This creates a central problem: a sequence model must decide what information to remember, what to ignore, and how to combine local and long-range evidence.

Variable-Length Sequences

Unlike fixed-size tabular examples, sequences often have different lengths.

One sentence may contain 5 tokens. Another may contain 200 tokens. One audio clip may last 1 second. Another may last 30 seconds.

Neural networks usually process tensors with regular shapes, so variable-length data must be handled carefully. The common methods are padding, masking, truncation, and packing.

Padding extends shorter sequences to a common length:

# Three sequences of different lengths:
# [4 tokens], [2 tokens], [5 tokens]

padded = torch.tensor([
    [12, 45, 9,  3,  0],
    [81, 7,  0,  0,  0],
    [22, 6,  5, 91, 13],
])

Here 0 may be a padding token. Padding values should not affect the model’s prediction, so we often use a mask:

mask = padded != 0
print(mask)

The mask identifies real tokens and padded positions.

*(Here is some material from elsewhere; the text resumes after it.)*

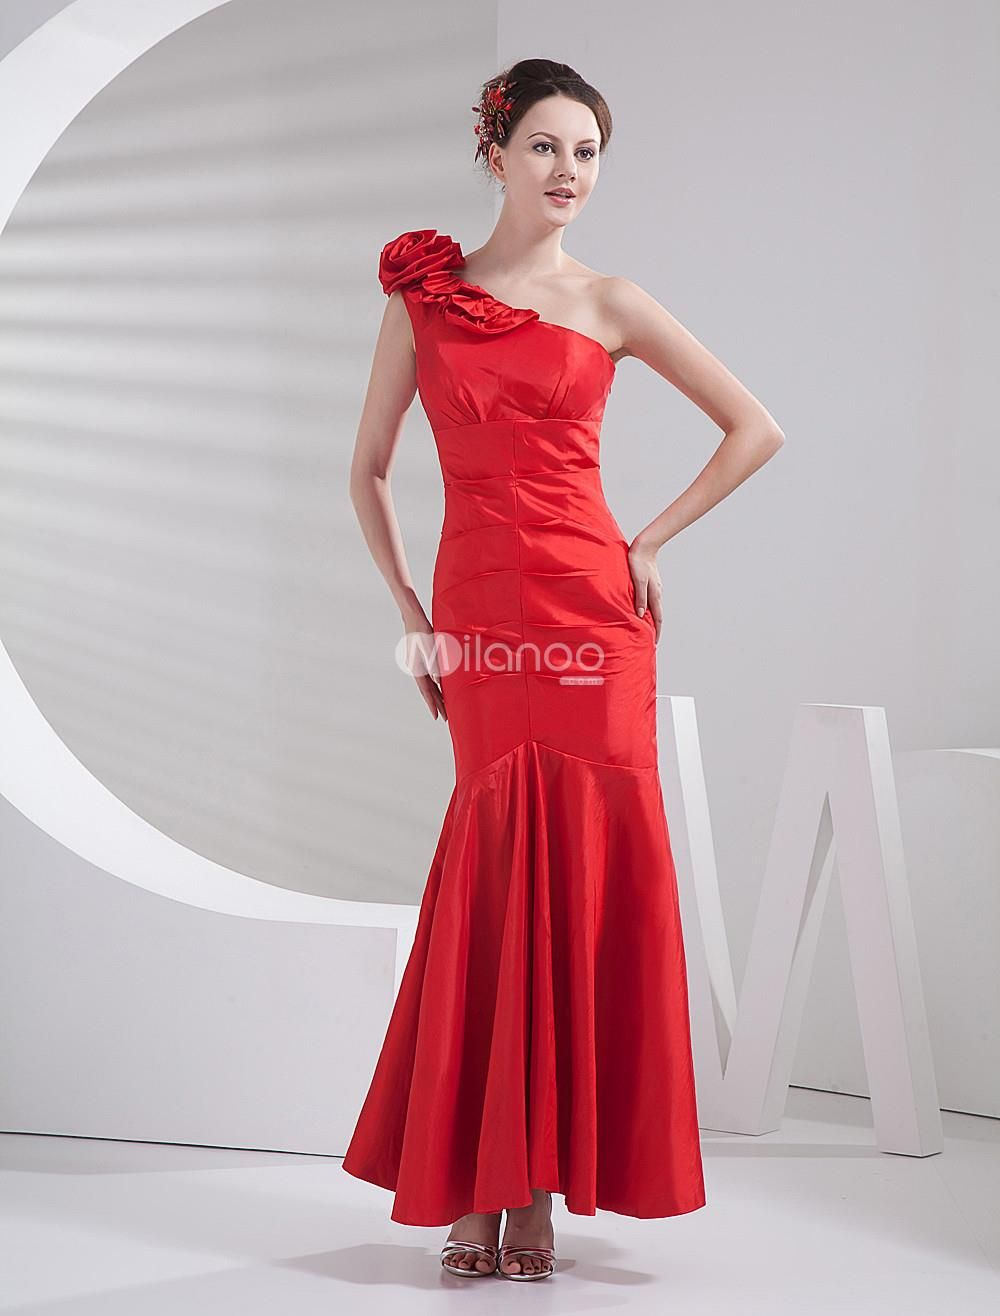 20+ Red mermaid trumpet wedding dress ideas

For long sequences, truncation cuts the sequence to a maximum length. This reduces memory and computation, but it may remove important context.

Sequential Data in PyTorch

PyTorch sequence models usually operate on three-dimensional tensors.

For many modern models, the preferred layout is:

[batch_size, sequence_length, feature_dim]

For some recurrent modules, PyTorch historically used:

[sequence_length, batch_size, feature_dim]

However, most recurrent layers support batch_first=True, which makes the input shape easier to read:

rnn = torch.nn.RNN(
    input_size=16,
    hidden_size=32,
    batch_first=True,
)

x = torch.randn(32, 100, 16)
output, h_n = rnn(x)

print(output.shape)  # torch.Size([32, 100, 32])
print(h_n.shape)     # torch.Size([1, 32, 32])

The output tensor contains a hidden representation for every time step. The final hidden state h_n summarizes the processed sequence.

Features, Tokens, and Embeddings

Raw sequence elements are often not directly suitable for neural networks.

In language modeling, tokens are integer IDs:

tokens = torch.tensor([
    [12, 45, 9, 3],
    [81, 7, 5, 0],
])

These IDs must be converted into dense vectors using an embedding layer:

embedding = torch.nn.Embedding(
    num_embeddings=10000,
    embedding_dim=256,
)

x = embedding(tokens)
print(x.shape)  # torch.Size([2, 4, 256])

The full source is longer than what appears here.